At the first window I was told I needed to first go to the Main Immigration office a block away and go to Window 1 because I have been here more than 16 months. So I walk a block to the main office and the guy at Window 1 was more concerned with his newly-dyed hair falling out of place than doing his job. When he spoke I couldn't
hear anything he was saying, and the tiny slit in the glass protecting him from violent foreigners like me didn't help even when he spoke up.
So I made him write instructions for me: I had to write a letter to the Commissioner of the Bureau of Immigration, Marcelino C. Libanan requesting an extension of stay. I had to have that notarized and photocopied. Then I had to submit that at another building (the Aral building..wherever that is), pay a fee, and then return it to him at Window 1.
I was stupefied.
Did it look like I had planned to bring along stationery to write love letters to the Commissioner?
Where was I going to get the supplies to do this?
I walked out of the building and told Norman what had happened. Another Filipino man was waiting outside like a vulture and asked what I needed to do. I told him. He said he could help.
I felt uneasy about his offer, but he said he'd take us to a notary who could do all of this for me, including writing the letter to the lovely Marcelino.
So from outside the Immigration Office we walked around a portion of the wall that surrounds Intramuros, down a street on it's other side and just kept walking. I was feeling more uneasy now, but I had been here before and knew my whereabouts. Suddenly he turned left and walked into an opening in the wall. The arches that make up this part of the wall form little caves where businesses have been set up. Starbucks and Mocha Blends occupy 2 spaces in the wall, and sit just outside the Immigration Office on the other side of the wall. Much lesser businesses operate on this side of the wall. This was one of them.
As we entered I could see several tiny desks with old, manual typewriters atop each. There was one computer in the center of the room and 2 fans to cool the entire area, which was perhaps as large as a 2 car garage. The 16th century floors and arched walls/ceiling were as hot and damp as the day. A stray cat walked around unnoticed by
Attorney Pedro D. Genato typed up my request (in duplicate) with quick, nimble fingers, as he's done thousands of times before, notarized it, and his fee was all of P300 (about $6).
Our vulture then escorted us to the Aral building. Without him I never, ever, ever, would have found it on my own.
Even though it is situated right next door to the Main Immigration Office:
1. The building is hidden behind a cinder block wall.
2. There is no name on the building or the wall, for that matter, to tell you it is the Aral building.
3. The entrance is through a metal gate in bad need of painting, with crumbling asphalt surface, and piles of debris along the insides of the wall. Not exactly the place you'd expect to go!
4. Once inside the gate did we enter through the front entrance to the building? No.
Did we enter through the side entrance? No.

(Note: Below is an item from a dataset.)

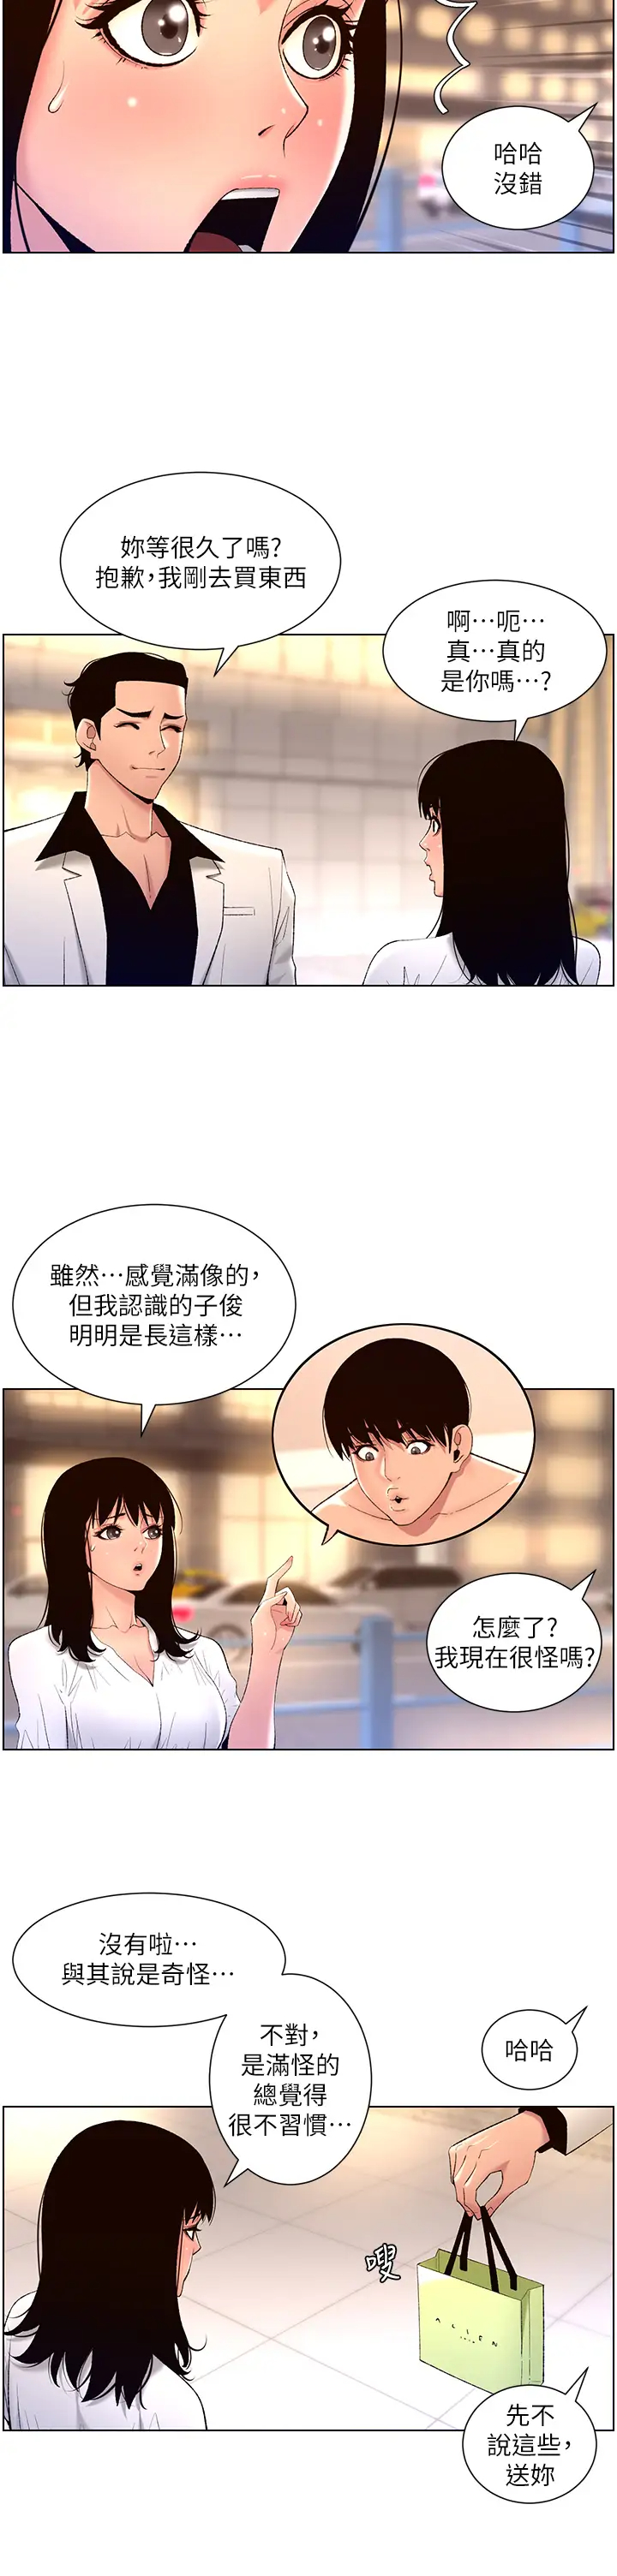 韩国污漫画 帝王App 第27话 让正妹柜姊爽到上天堂 20

The entrance we were to use is in the back basement of the building (and you have to walk the entire length of the building in the back just to get to the entryway!)

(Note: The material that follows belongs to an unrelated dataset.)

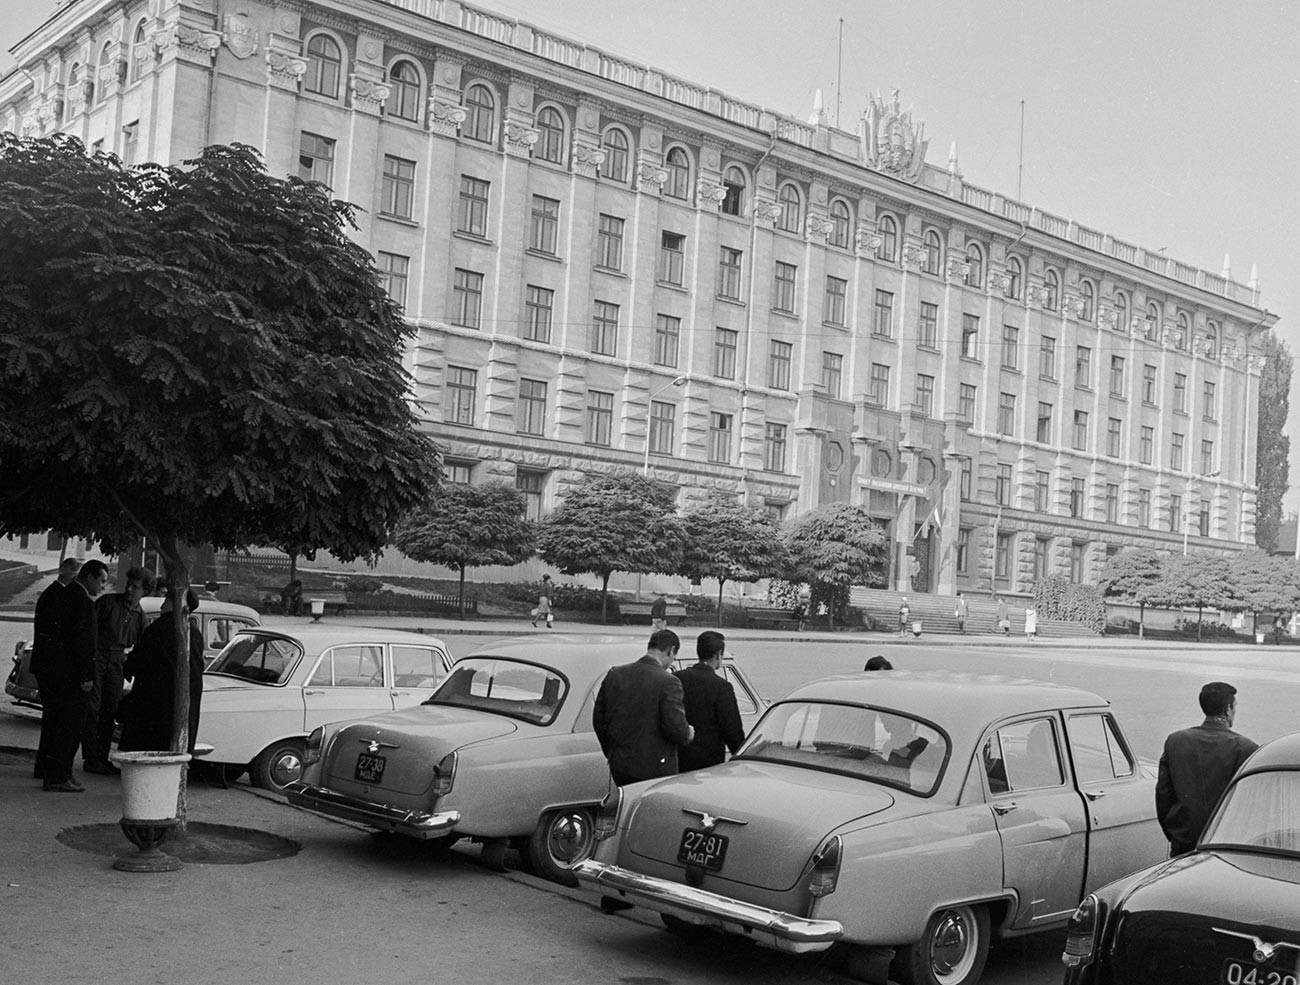 Akademija znanosti Moldavske SSR v Kišinjevu, 1966


And why were we there? So I could get a payment ticket at one window and then go to another window to make the payment and receive a receipt.
Then it was back to the Main Office and say goodbye to our vulture after paying him P100.
Back at Window 1, Mr. Perfect Hair was nowhere to be found. A few minutes later he made his way back to his station, looked over my forms, and said to go to the 3rd floor to the VCR office or some such acronym.
In the CVG office there were, of course, another row of windows. I went to the window
numbered '1', as that seemed reasonable. There, a nice young fellow with a pleasant disposition (must be a newbie) looked at the paperwork, stamped a page and marked a circle within the stamp, handed it back to me, and said I was done. Go back to Window 1 downstairs.
So down the stairs I went.
Cheerful as ever, Mr. Perfect Hair took my forms and said to come back Friday.
My visa was to expire Thursday. Would that be a problem when I went to the Extension Office?
Yes it would.
With a sigh, Mr. Perfect Hair got down from his stool and led me upstairs to the 2nd floor (I should note here that this building has neither air conditioning nor an elevator. Just thought it would help for you to know.) where he told me to sit and wait while he took my paperwork into an office with a frosted glass wall. He returned a moment later and glided back down the stairs to liven up someone else's day.
I texted poor Norman, who was waiting outside, saying I was waiting again.
A moment later a woman appeared with my paperwork. I was excited I wouldn't have to wait. Then she said the person who needed to stamp my forms was out of the office and wouldn't be back until after lunch.
It was 10:45. All the government buildings shut down from noon until 1 for lunch.
OK, I thought. I'll go take Norman's picture, eat, and come back after 1.
So we went to the fort and found an event was being hosted there until 1. They'd re-open to the public then.
Then it began to rain.
Lunch at 11:15, Norman? Sure. Why not?
We wandered around after lunch, wasting time until I could return at 1.
I arrived back at the Main Immigration Office at 1:15. The guy to stamp my paperwork was still out.
I texted Norman with the bad news. He said it was OK, and that he'd wait over at Starbucks.
At 2 he texted to see what was going on, and I replied that I was still waiting for the guy to get back from lunch.
A few minutes before 3 my paperwork was finally stamped and I was headed to the Extension Office. There was still no line at any of the windows, just the same, surly, dead-faced expressions I always encounter behind the windows. In less than 5 minutes I went from one window to the next, completing the process.
Now I just had to come back after 10 the next morning.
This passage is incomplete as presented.